--- SUPPLIED INFORMATION Enclosed Below ---
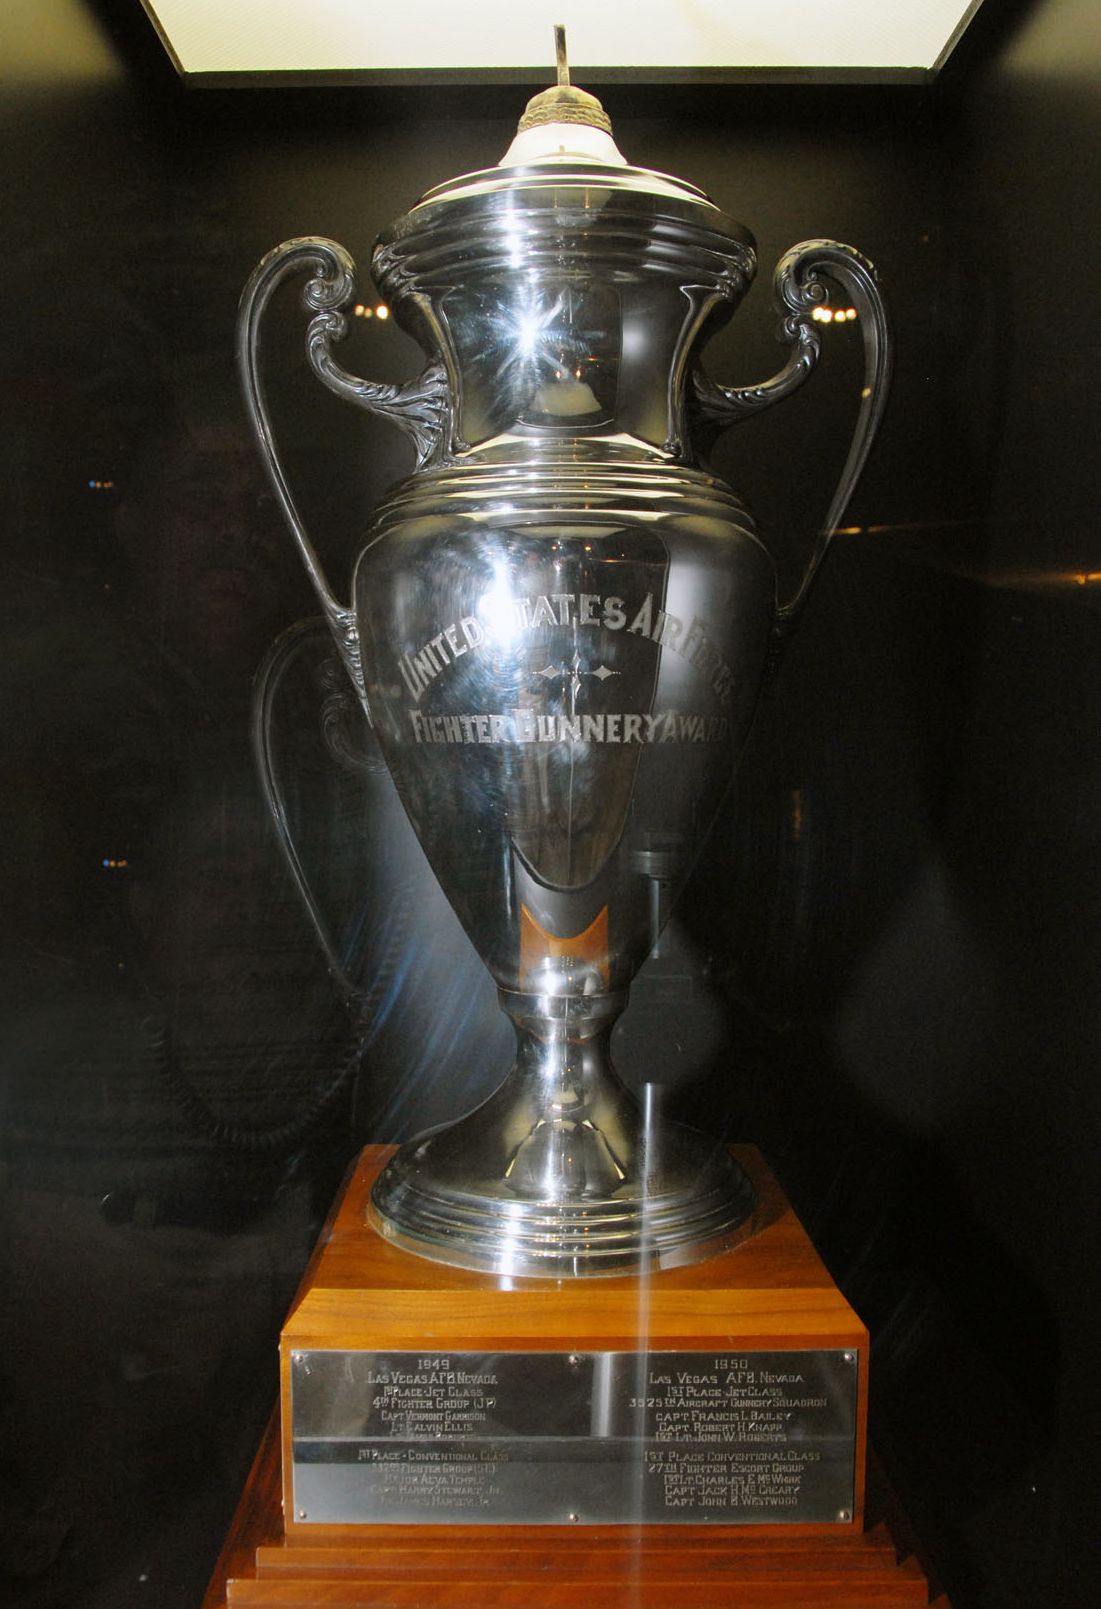 The trophy won by the Tuskegee team is now on display, but was hidden in storage for 46 years. National Museum of the US Air Force.
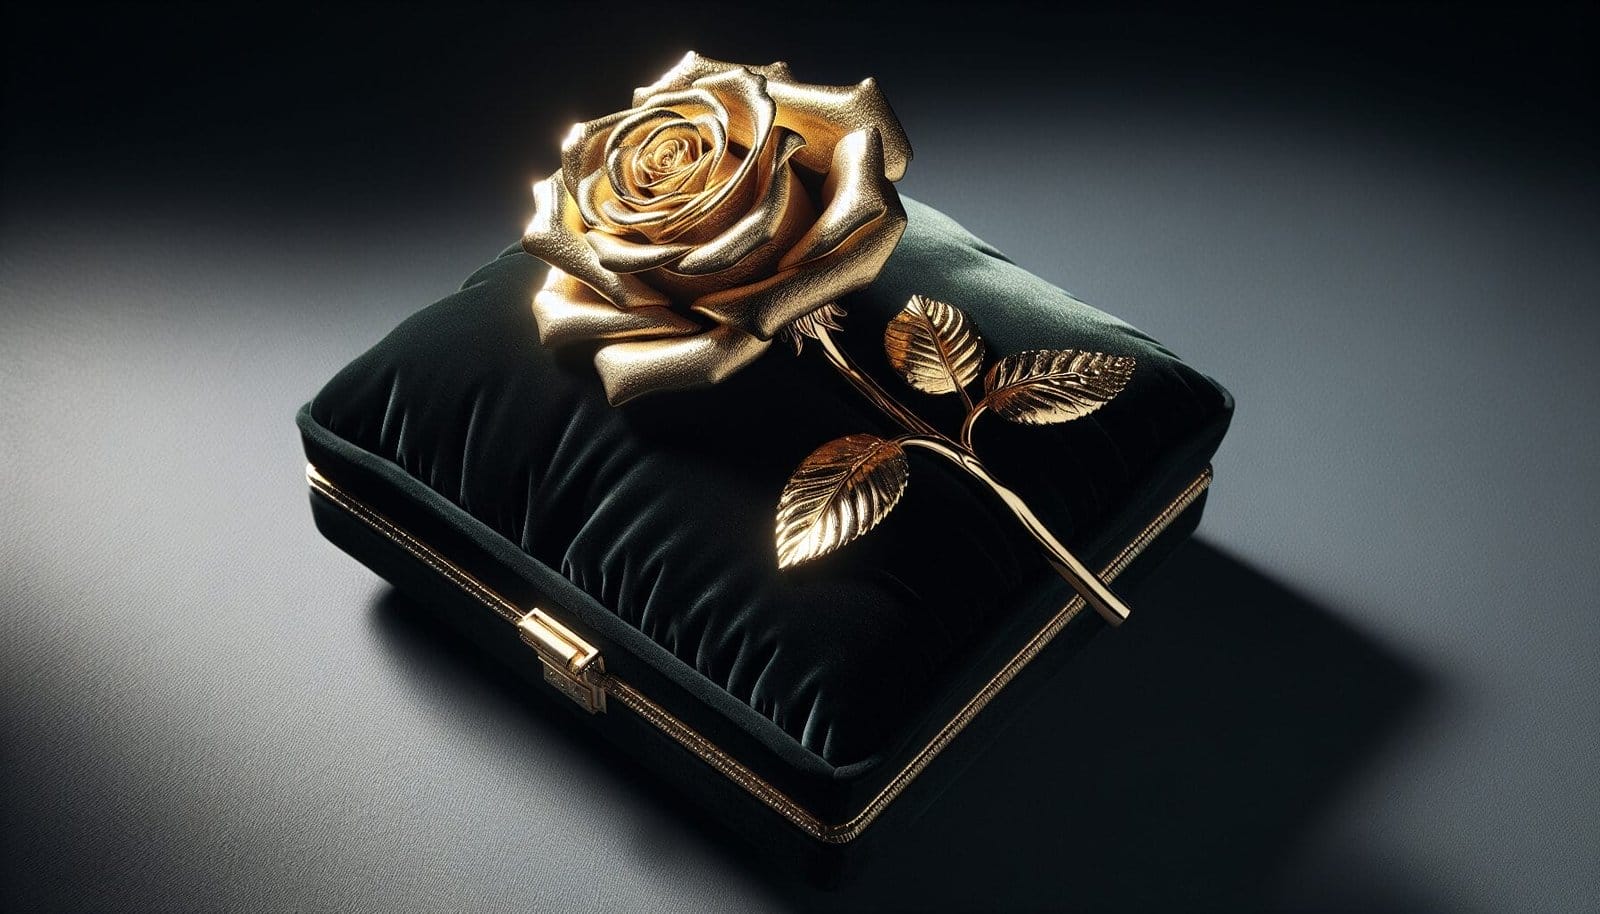 Read more about the article Luxurious 24k Gold Rose: The Perfect Gift for Your Employee
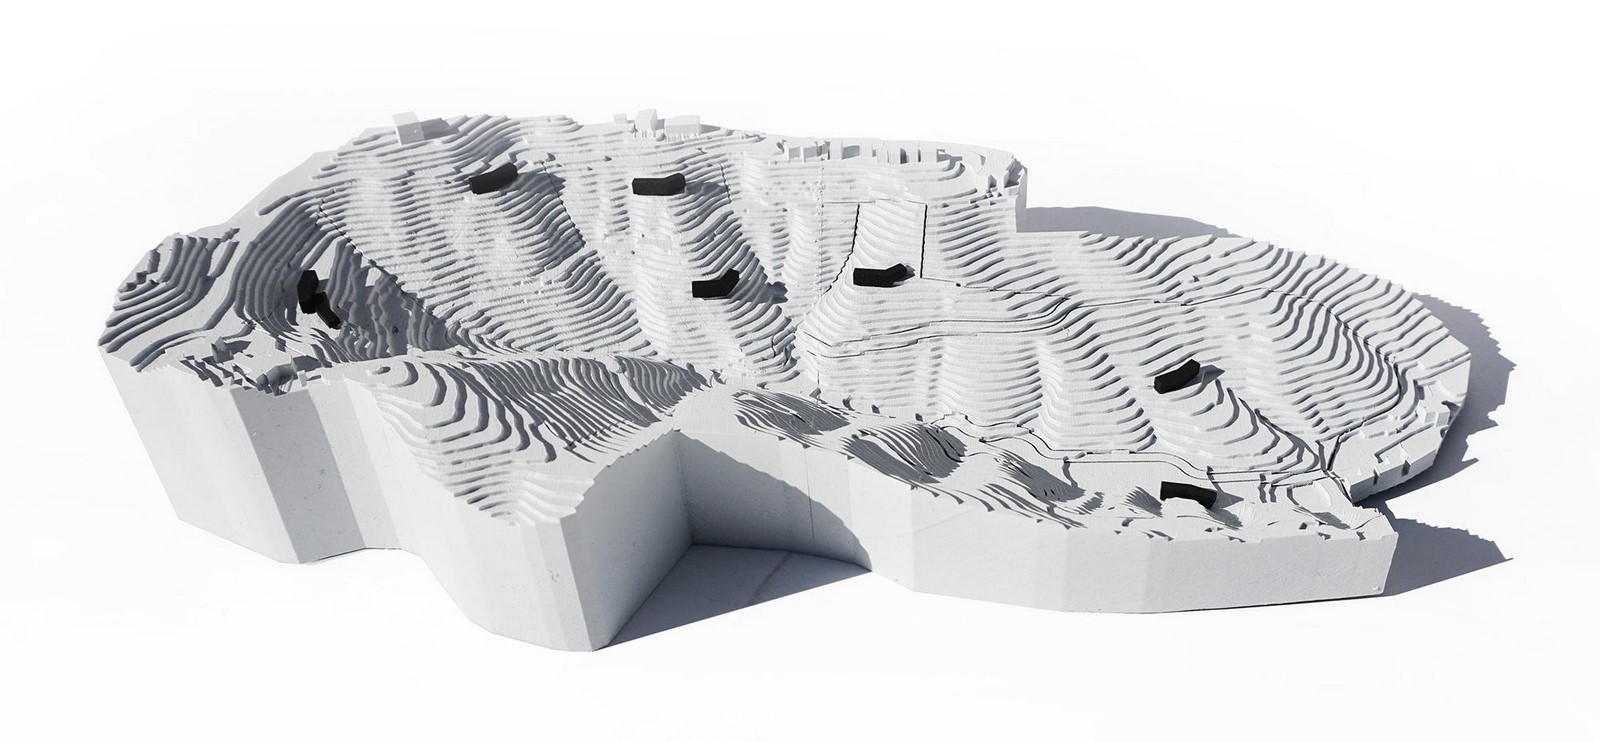 architectural model using layering
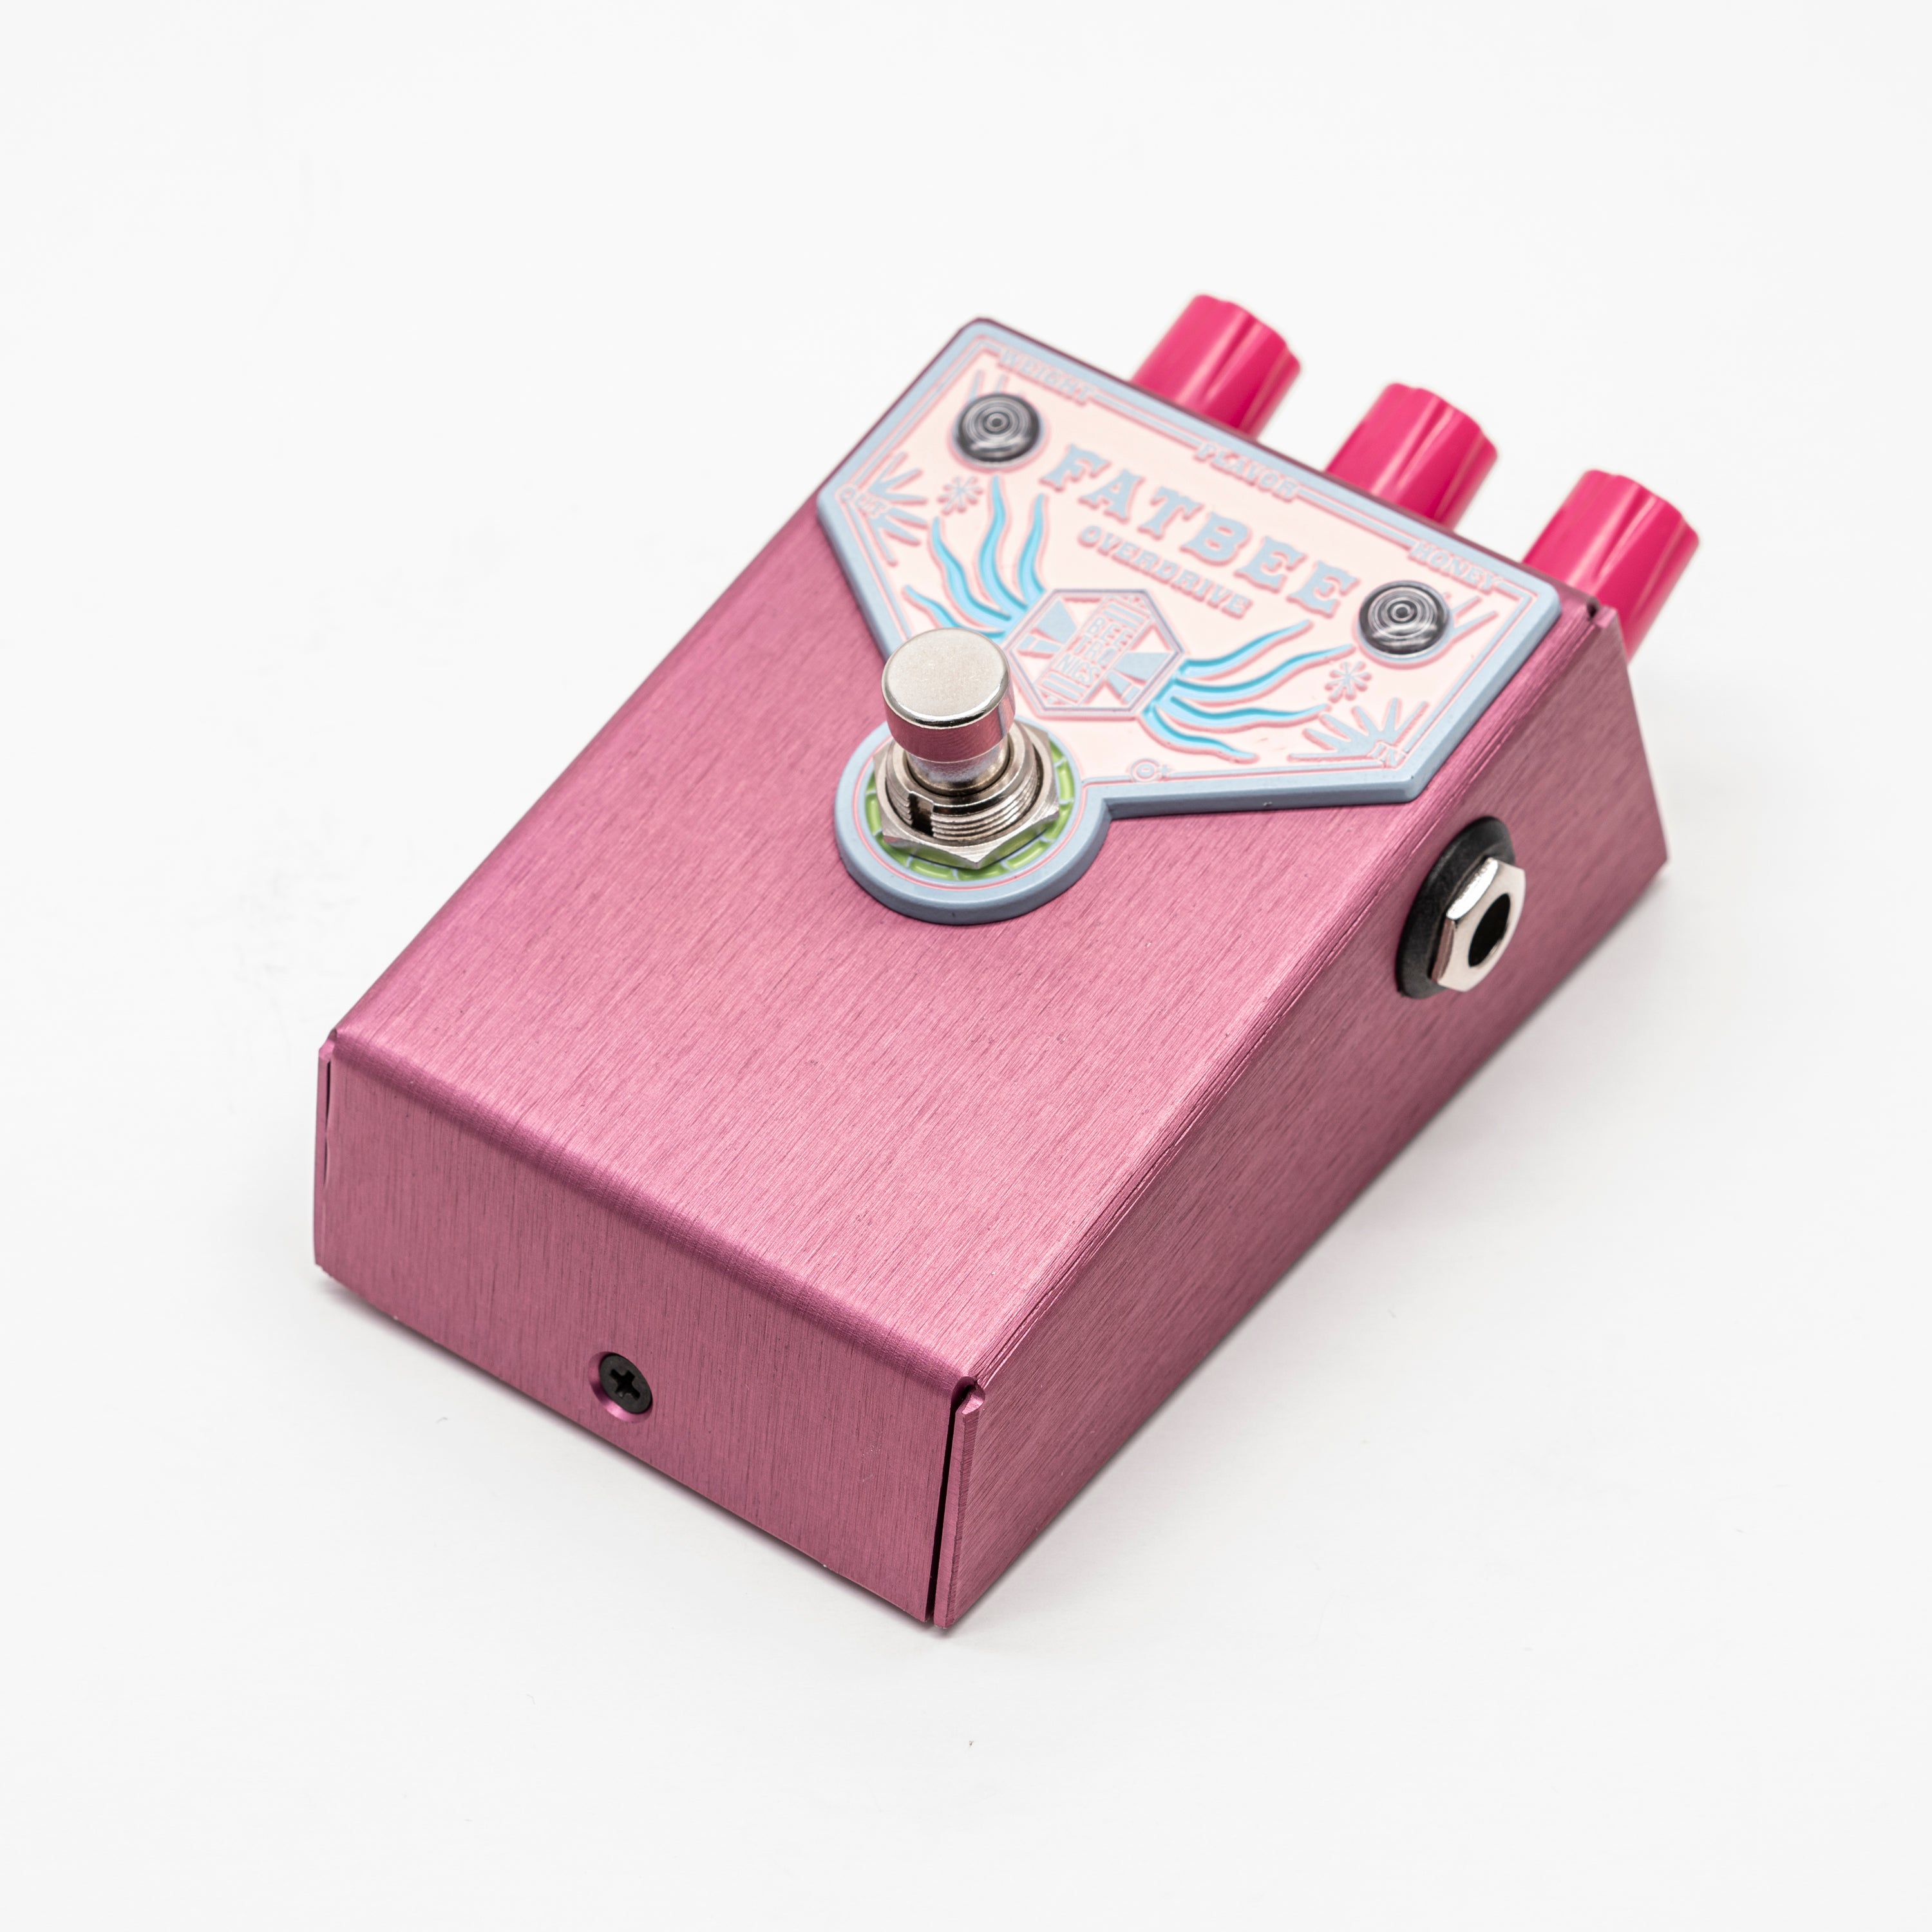 Fatbee Overdrive &lt;p&gt; Limited Edition &lt;p&gt; Majin Bee
--- End of Enclosed SUPPLIED INFORMATION ---
- PROBLEM TO SOLVE:
The result should be the same data as above, line for line, with the pictures gone.

- RESULT OF THE TASK:
 The trophy won by the Tuskegee team is now on display, but was hidden in storage for 46 years. National Museum of the US Air Force.
 Read more about the article Luxurious 24k Gold Rose: The Perfect Gift for Your Employee
 architectural model using layering
 Fatbee Overdrive &lt;p&gt; Limited Edition &lt;p&gt; Majin Bee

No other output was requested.